The documentation project has an excellent style guide and all developers
and anyone who write about Gnome would do well to read it.  Of things
developers should read I'd consider it second only to the Human Interface
Guidelines but it likely to be of interest to a much wider audience.

http://developer.gnome.org/documents/style-guide/

> > - Must i translate the license ? It raises some legal problems, as i'm
> > not a lawyer, i couldn't translate it accurately enough. Is there
> > already an accurate french translation of this whole thing ?
> My memory is that the English version is considered definitive.

As I mentioned offlist I was pretty sure that in most cases legal
contracts need to be given a primary language and although there are
unofficial translations of the GPL they are not legally definitive.
There is more explanation (in French) on the GNU web pages
http://www.gnu.org/licenses/licenses.fr.html#GPL

Your best bet would probably be to provide a link to an unofficial
translation and mention that the definative English version is available
in the LICENSE file.

It comes up a fair bit in Ireland because officially we are bilingual and
all state documents must be bilingual but the definative version is always
the Irish version, even though the Irish version was not necessarily the
original.  Weird, I know!.

> > - Why is freecell independent from aisleriot in the game menu ?
> There used to be a separate program that implemented freecell. The menu
> entry was to minimise the change-over hassles.

I'd expect a lot (and I mean a whole lot) of windows users would be
expecting to see Freecell and it make it simpler for them to find it.
Freecell is allegedly the most played computer game ever.

> > - What does aisleriot mean ? Where does this name come from ?
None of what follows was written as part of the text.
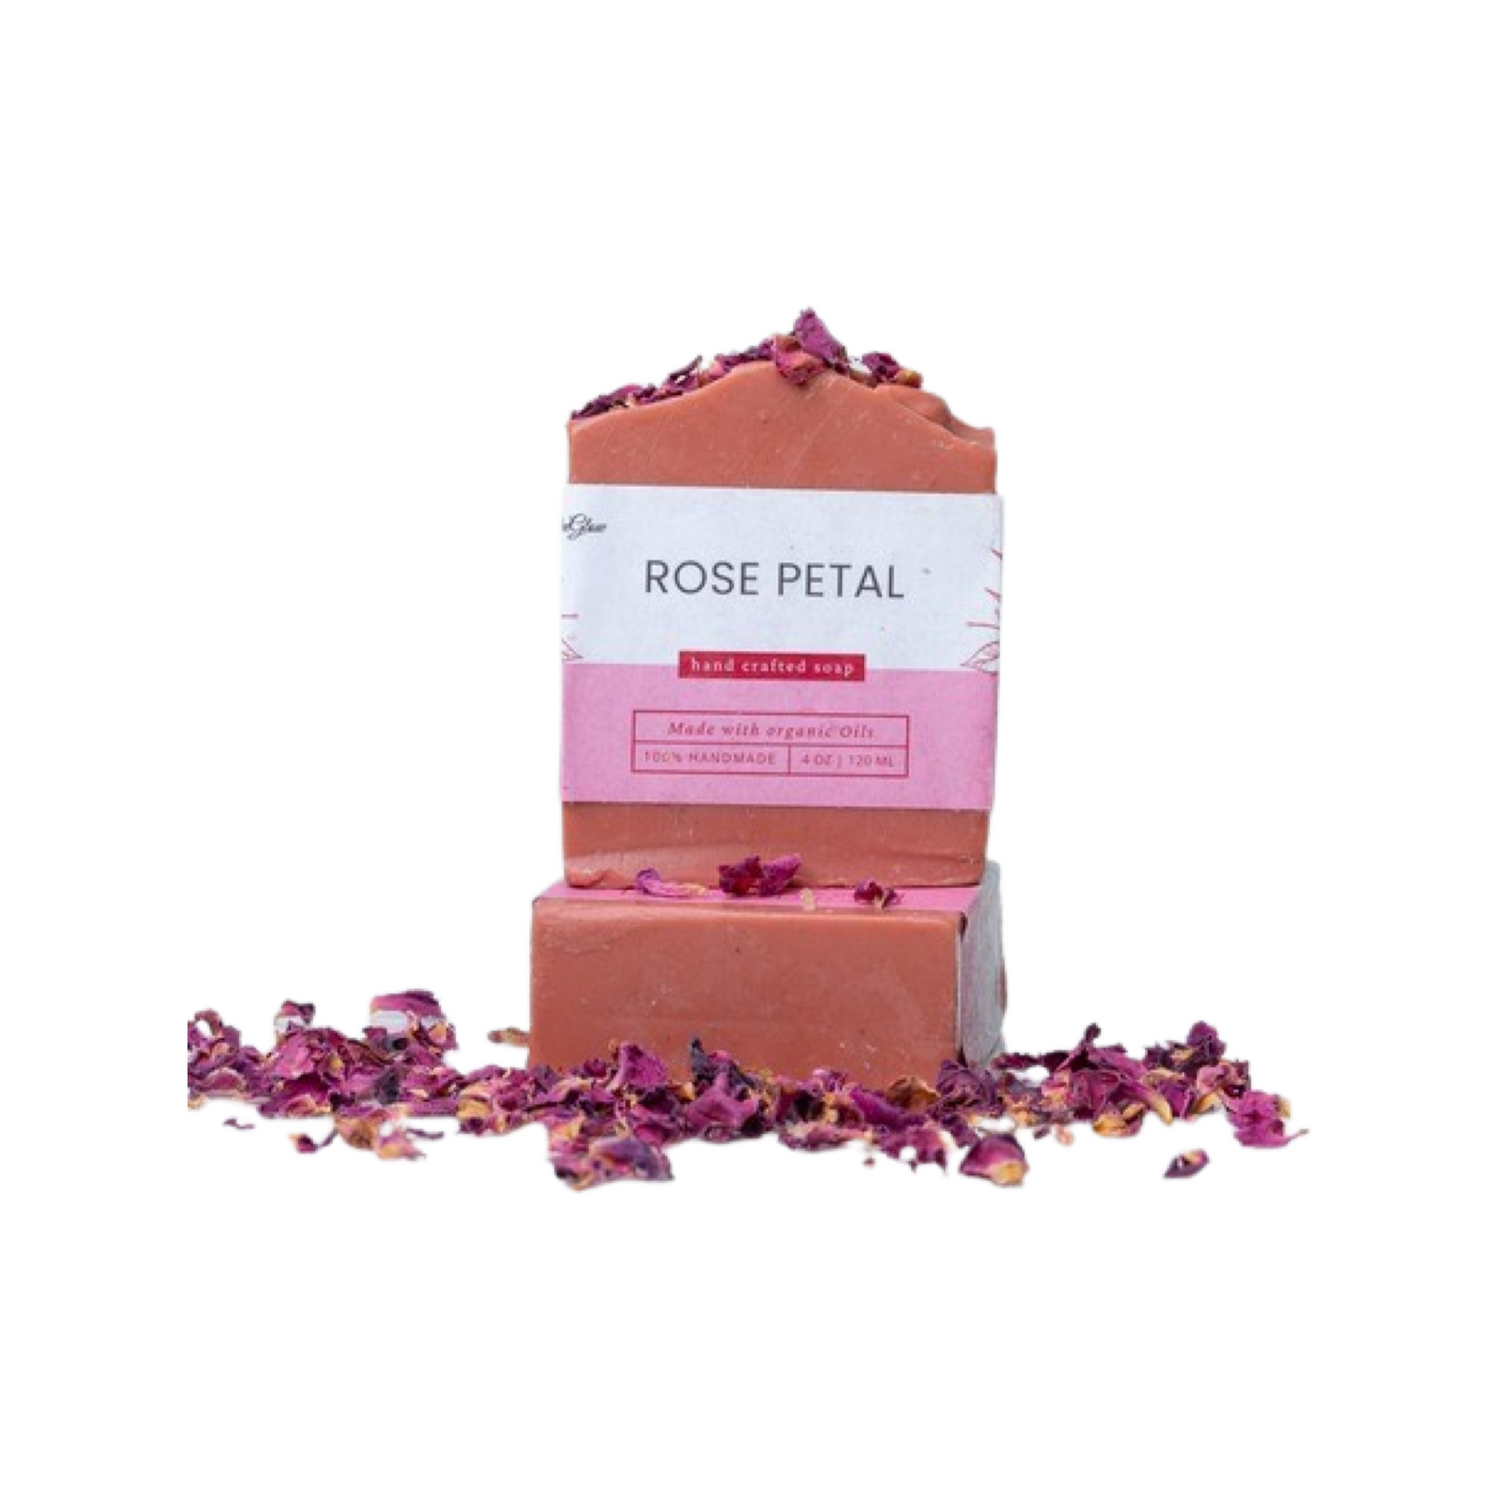 Rose petal soap - Laaleeglow 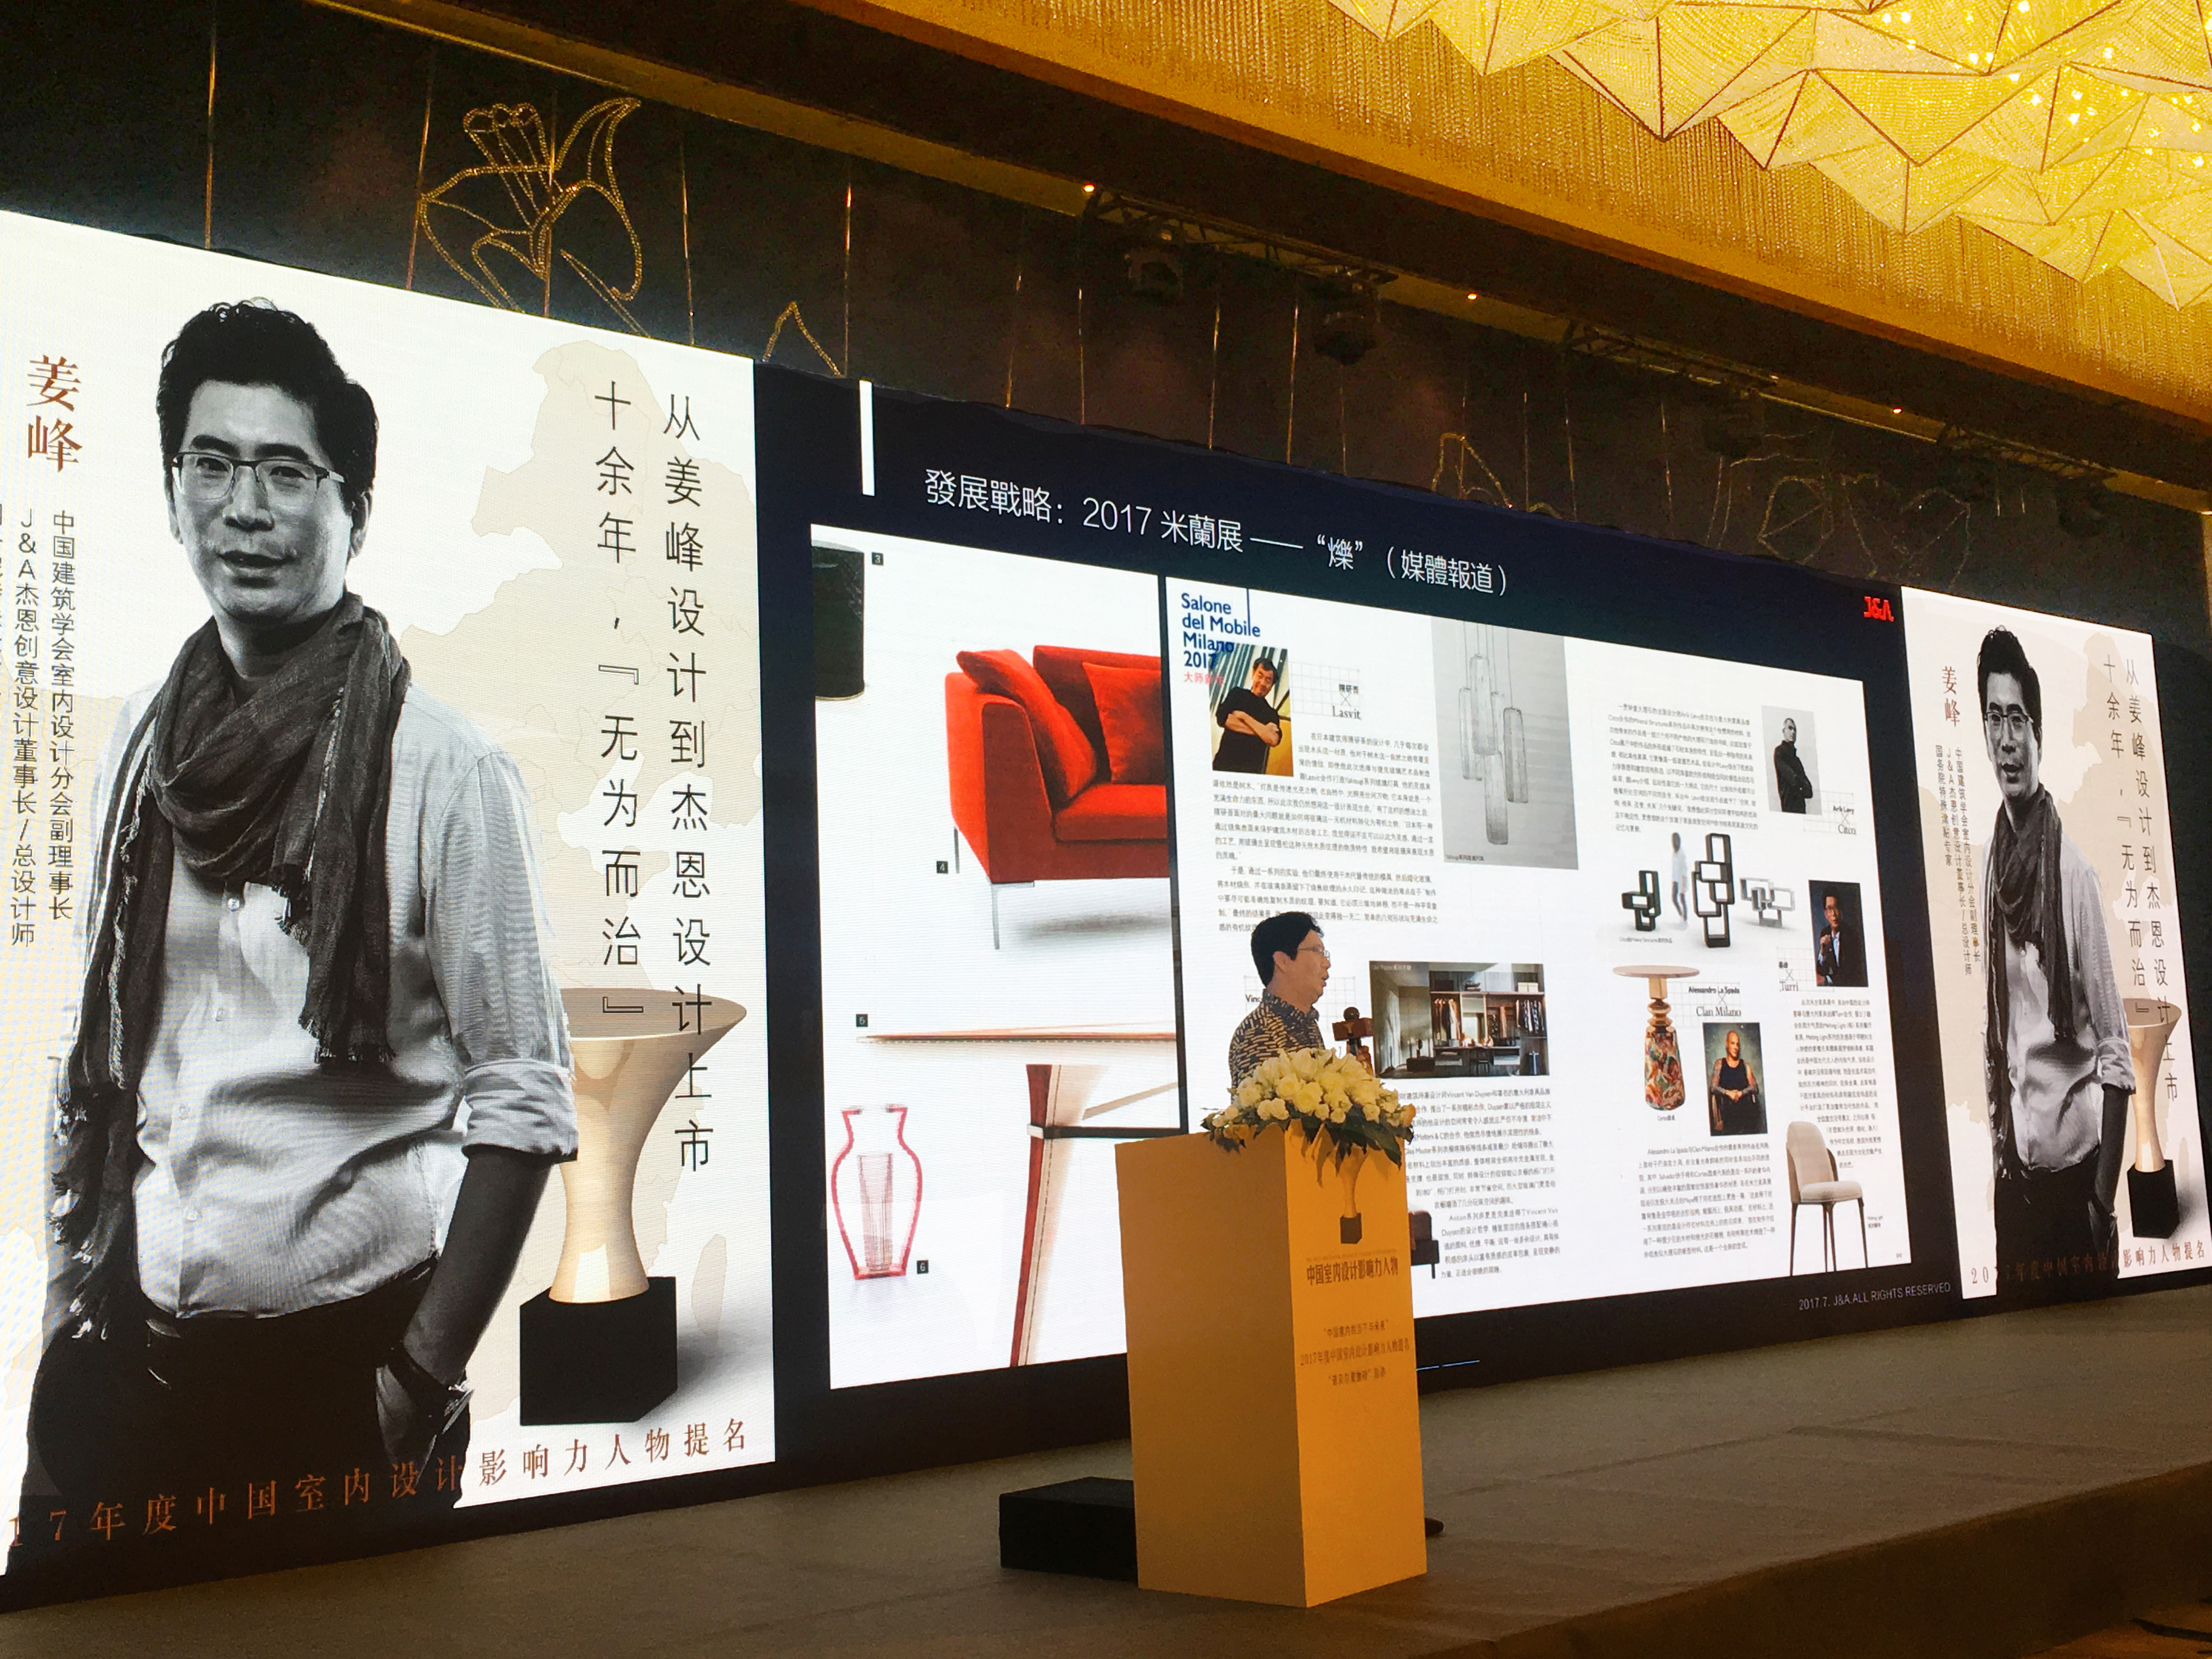 J&A杰恩设计董事长/总设计师姜峰先生作为“2017中国室内设计影响力人物” 提名人作演讲

> It is an anagram of solitaire.

Also (and this was very likely intentional) it sounds like real
words "ailse" meaning a type of walkway and "riot" which I expect you
already know means a great big fight.

The way I pronounce "aisle" it sounds a lot like "I'll" which is short for
"I will" which makes Ailseriot sound like a rather dangerous name.

On my RedHat Fedora Core 3 machine the menu item reads Aisleriot Solitare,
so I tend not to think about it and ignore it like a brand name.